→ **RAW DATA**:
------------------------

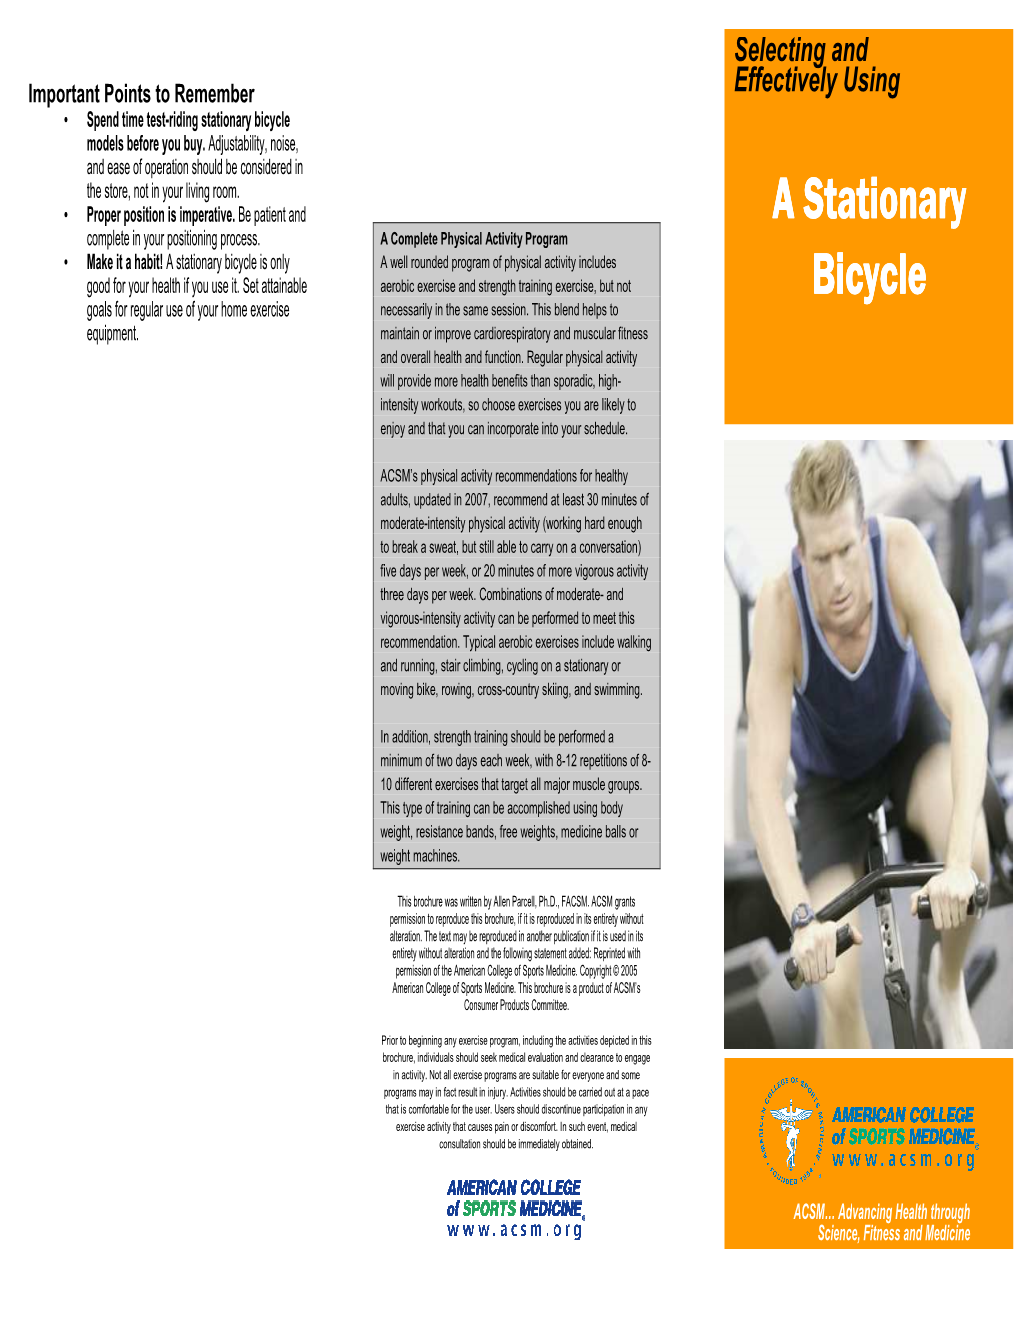 Selecting and Effectively Using a Stationary Bicycle
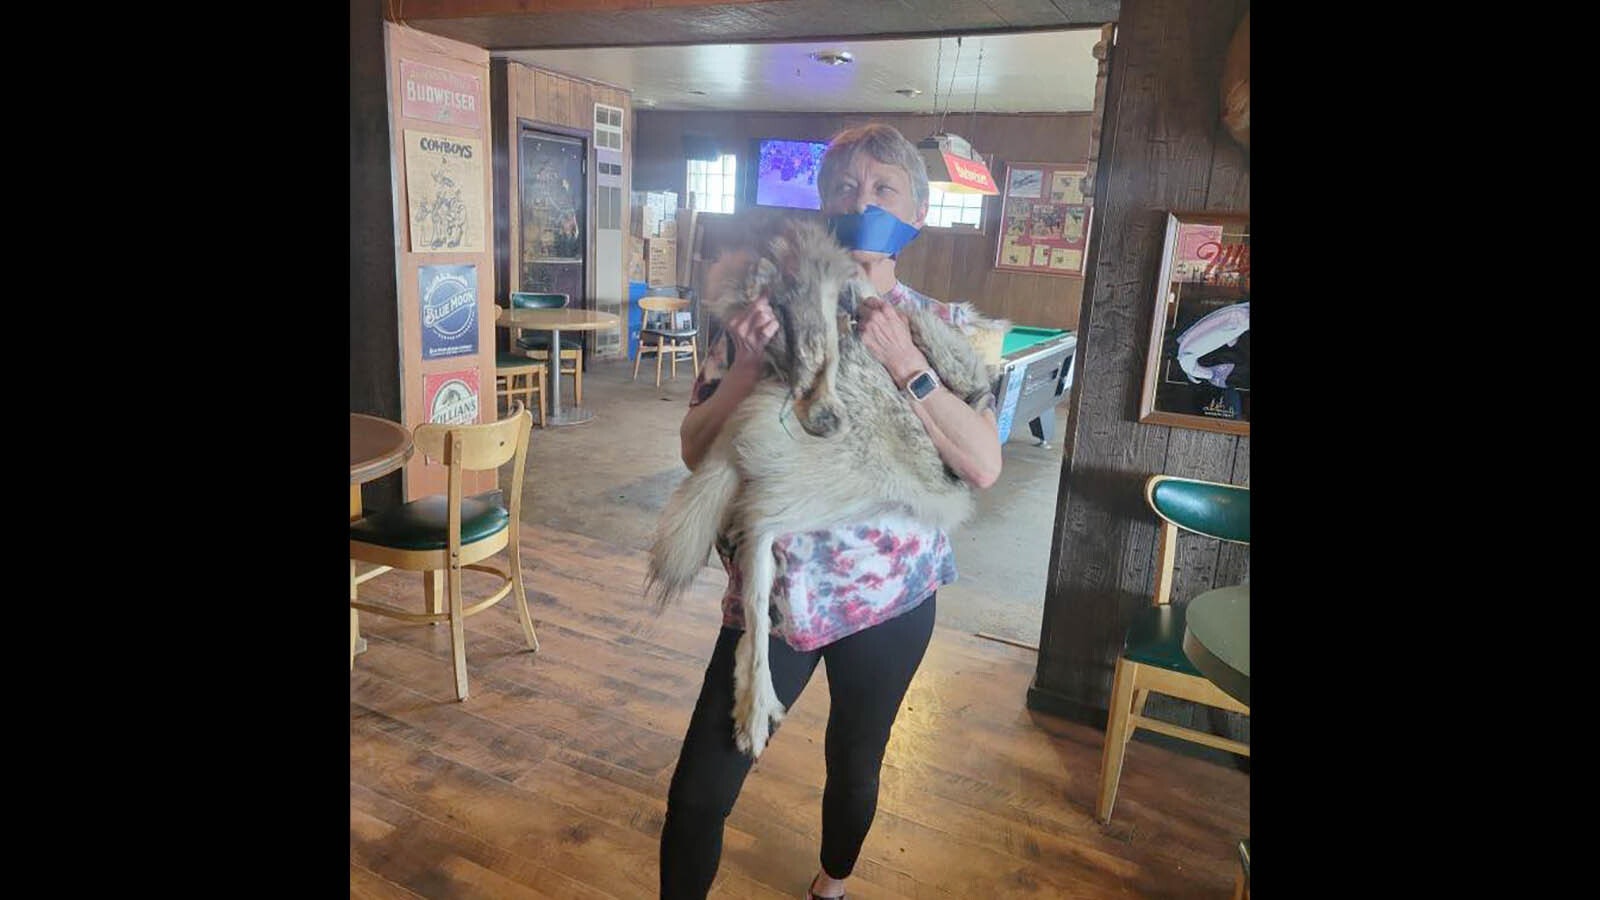 Jeanne Ivie-Roberts is the aunt of Daniel resident Cody Roberts, who's accused of mistreating a wolf before killing it. She has expressed support for her nephew and seems to mock the situation by posing for a photo with a wolf pelt and her mouth taped shut.
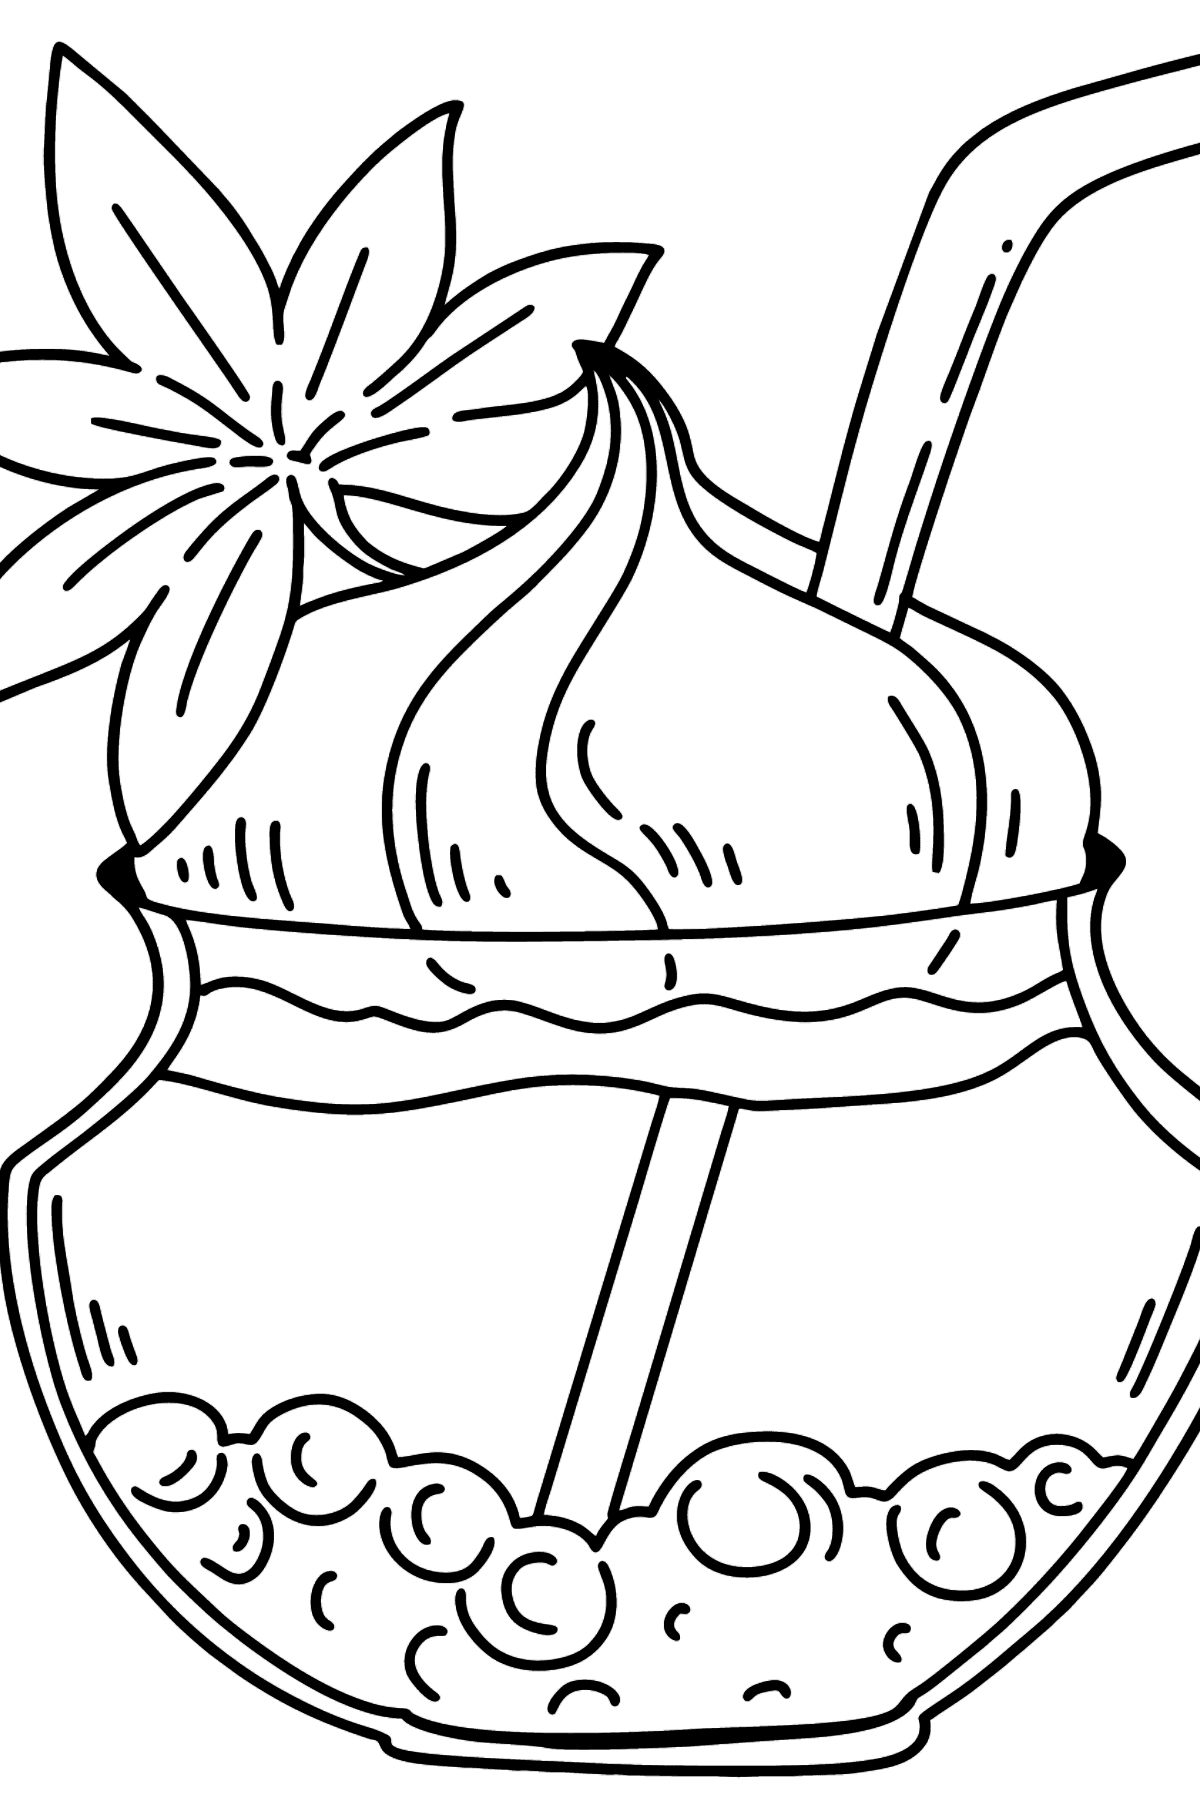 Tapioca coloring page - Coloring Pages for Kids

------------------------

→ **TRY IT**:
A word-for-word reprint of the listing above is needed, minus the pictures.

→ **SOLUTION TO THE PROBLEM**:
 Selecting and Effectively Using a Stationary Bicycle
 Jeanne Ivie-Roberts is the aunt of Daniel resident Cody Roberts, who's accused of mistreating a wolf before killing it. She has expressed support for her nephew and seems to mock the situation by posing for a photo with a wolf pelt and her mouth taped shut.
 Tapioca coloring page - Coloring Pages for Kids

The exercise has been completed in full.